■ **Assignment**
From the listing that follows, output everything exactly except the pictures.

■ **Data segment**
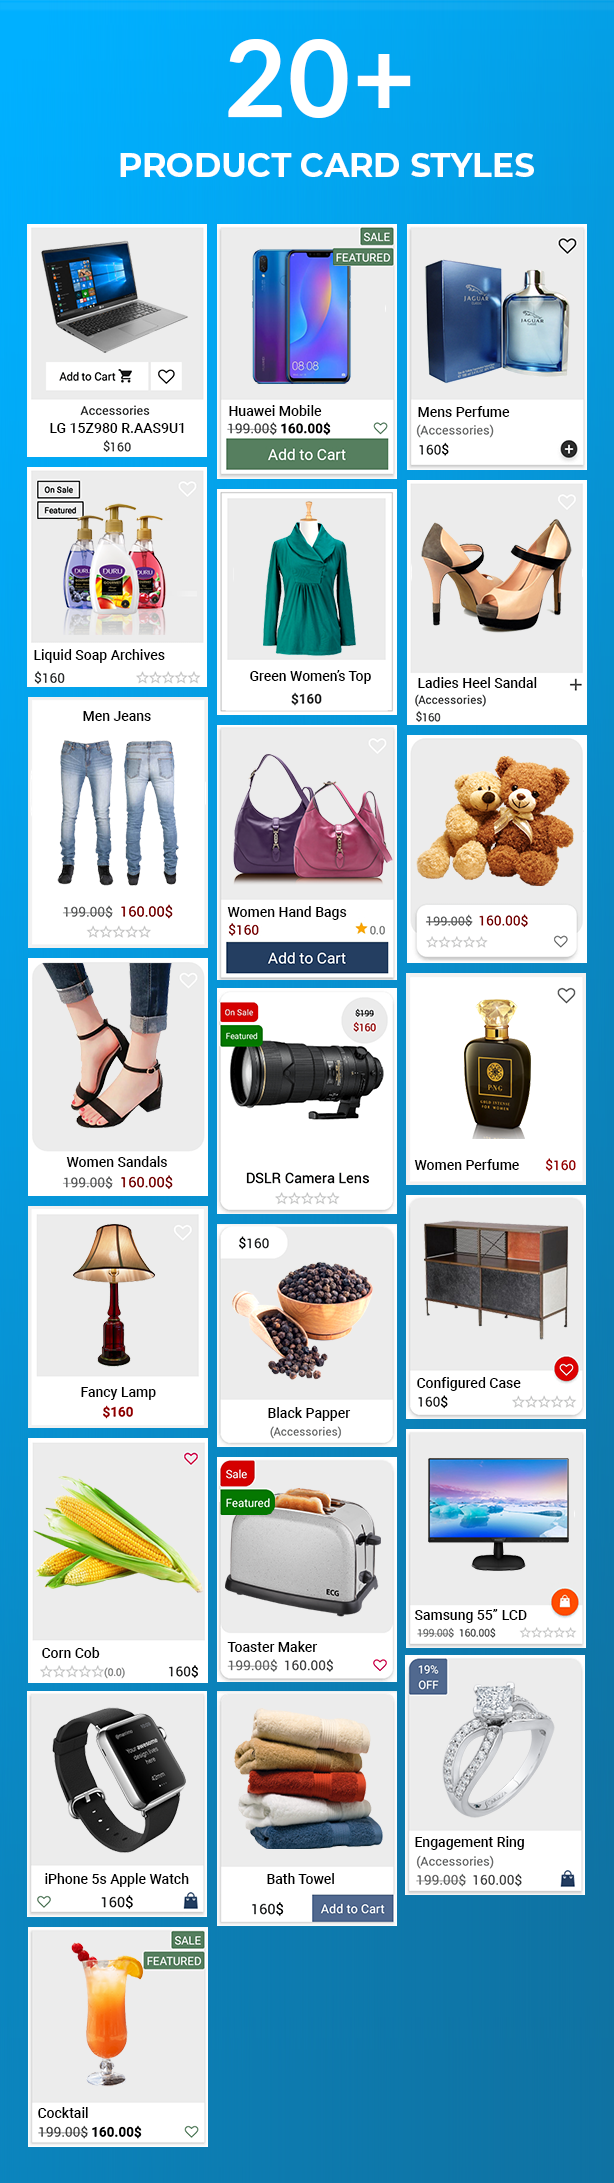 Ionic5 Ecommerce - Universal iOS & Android Ecommerce / Store Full Mobile App with Laravel CMS - 10
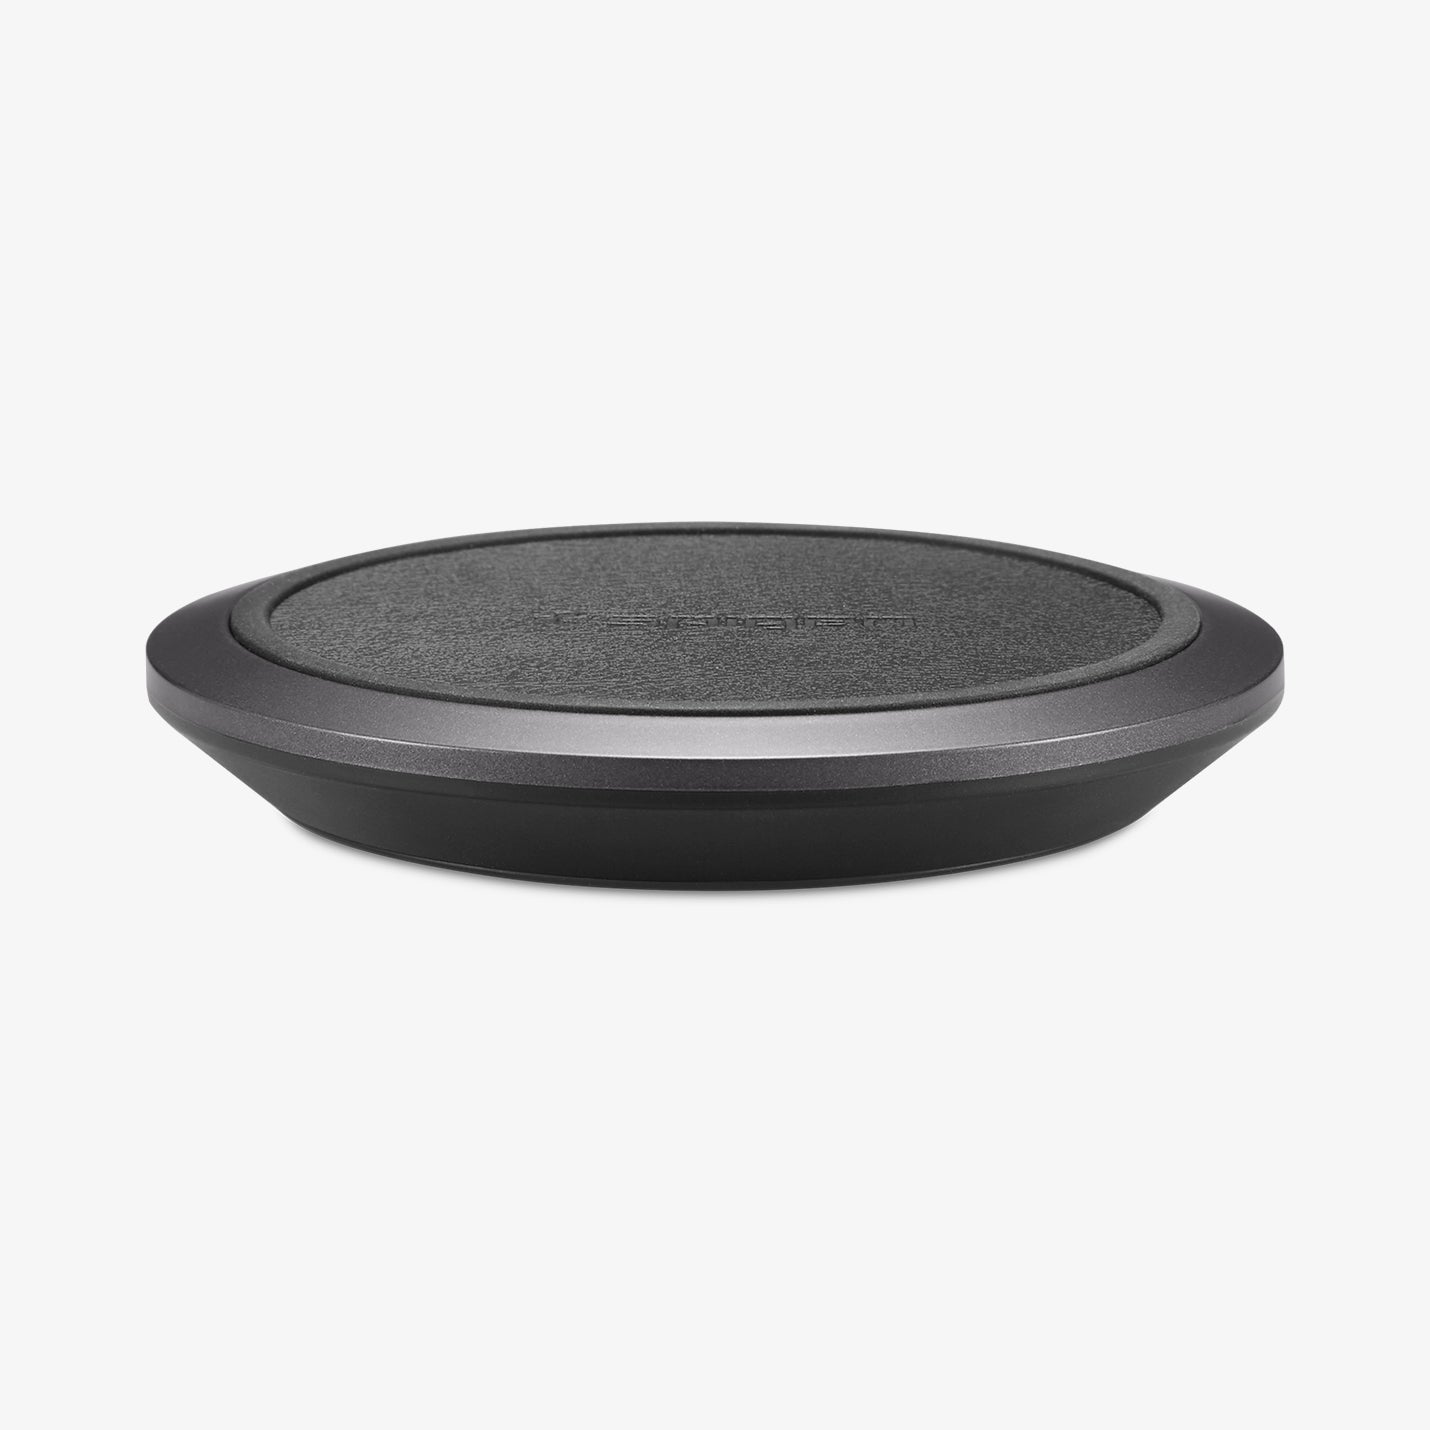 000CH23122 - Essential® Leather Designed 10W Wireless Charger F308W in black showing the front and partial top
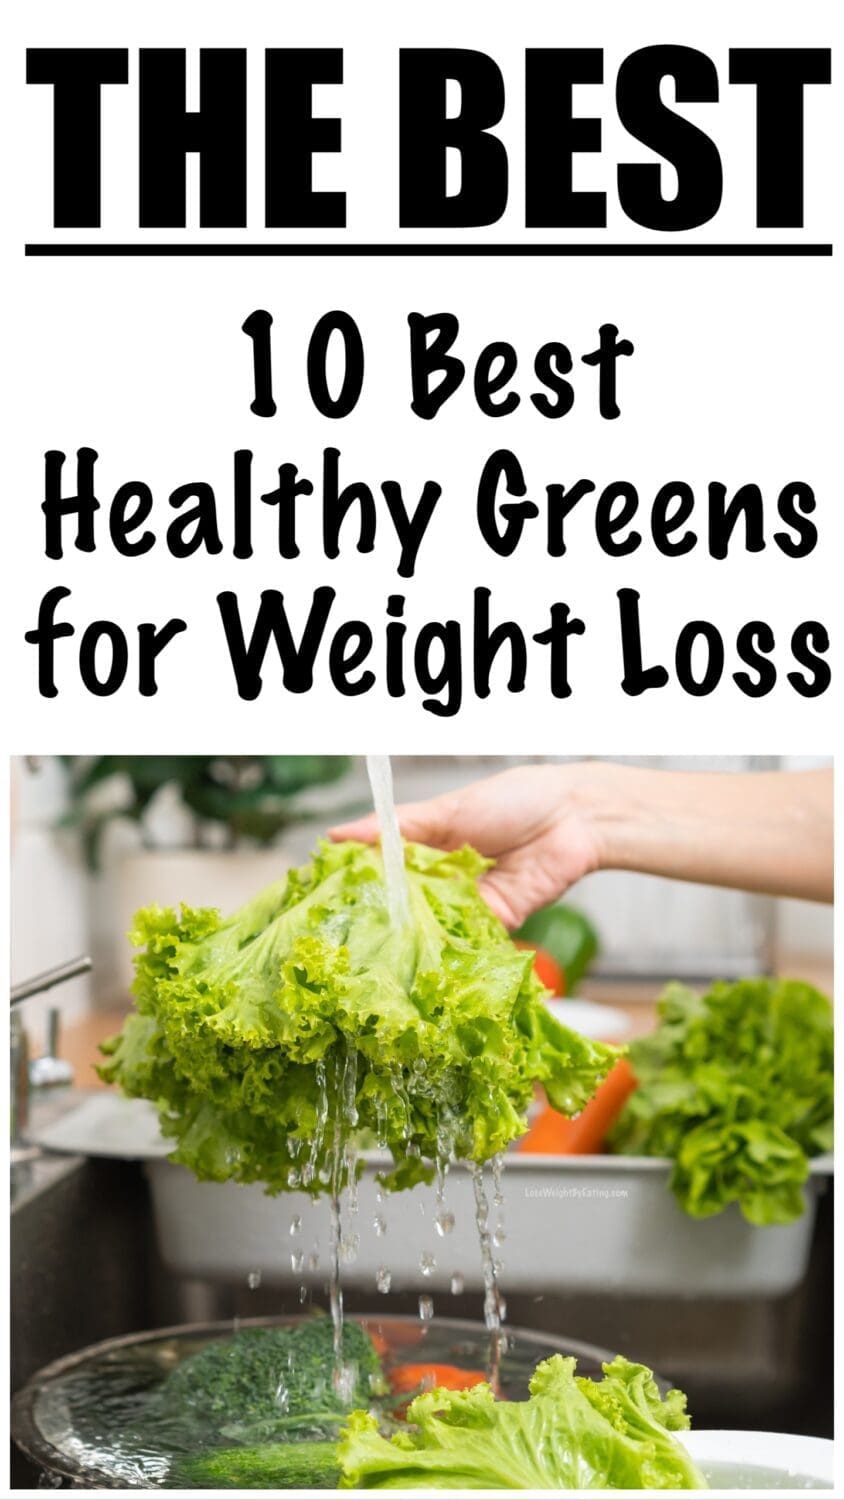 10 Best Healthy Greens for Weight Loss

■ **Problem solution**
 Ionic5 Ecommerce - Universal iOS & Android Ecommerce / Store Full Mobile App with Laravel CMS - 10
 000CH23122 - Essential® Leather Designed 10W Wireless Charger F308W in black showing the front and partial top
 10 Best Healthy Greens for Weight Loss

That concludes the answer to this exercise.